The ICRC had a team in Derna to support families with micro-economic activities when the floodwaters overwhelmed the city, adding it will distribute 6,000 body bags to forensic teams in the eastern city of Benghazi to “ensure dignified treatment of the dead.”

Access to the flood-hit areas remains a “major challenge” because roads were destroyed, the ICRC said.

Libya’s former minister Health Minister Reida El Oakley told CNN’s Becky Anderson on Wednesday that “a huge wave, as high as a six-story building or higher, swept the whole country as a single wave tsunami.”

Khaled Al-Shuwaihed, a Libyan citizen, said the situation in Derna “was a catastrophe.”

“It was a catastrophe, all of my friends are dead,” al-Shuwaihed told Reuters on Thursday.

“One of my friends at the very beginning was filming from the top of the valley, my friend, he was filming, he died. Someone named Nasir Fatoury and his children (are said to be dead) but these are all rumors at this point, nothing has been confirmed. One of my friends and his five children, only one of them found us.”

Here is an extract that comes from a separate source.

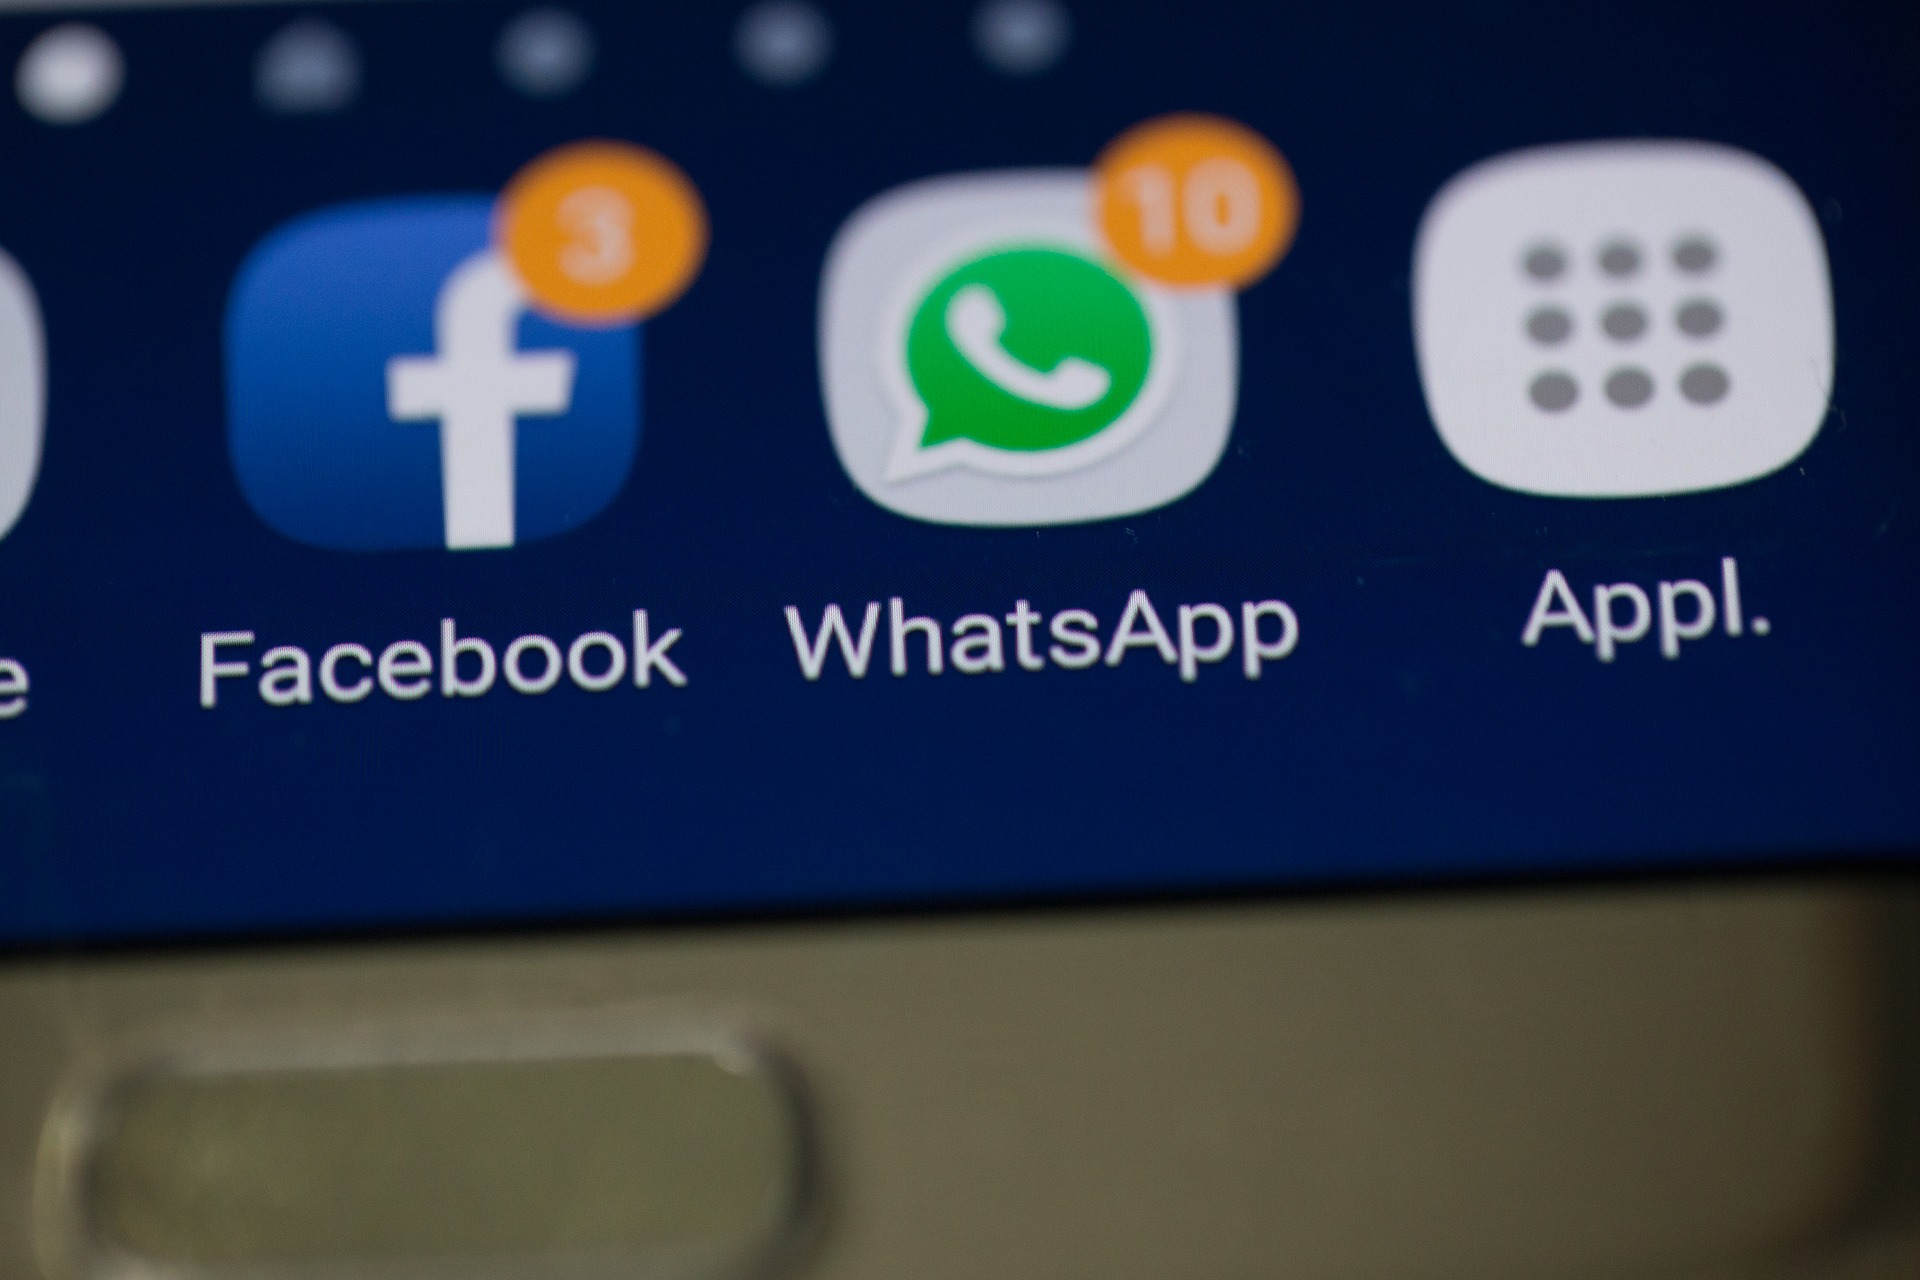 Facebook confirma instabilidade no WhatsApp e Instagram nesta quarta-feira

Medical volunteers said they were overwhelmed by the scale of human disaster in Derna, as aid slowly began to arrive on Thursday amid fears of waterborne diseases.

More than 30,000 people have been displaced in Derna, the UN’s International Organization for Migration (IOM) said on Wednesday. Meanwhile bodies piled up near defunct health facilities, despite the need to treat survivors of the disaster.

Khaled Hamid, the general manager at a Libyan NGO, said aid donations were inadequate for the number of people needing treatment.

“The first step was easy, we collected money from equipments and donations from inside and outside the organization. We didn’t expect that people would sympathize with us to this extent, and thank God we received very good support,” Hamid told Reuters.

“This is a drop in the ocean of the needs we need for Derna, but we saw while coming here that people are coming here from different cities of Libya, from Misrata, Tripoli, Zawiya, from every city.”

On Thursday, the marine port into Derna became accessible for ships with a minimum draft level of 6.5 meters to deliver humanitarian aid to the badly damaged area, the Libyan Ports and Maritime Transport Authority said.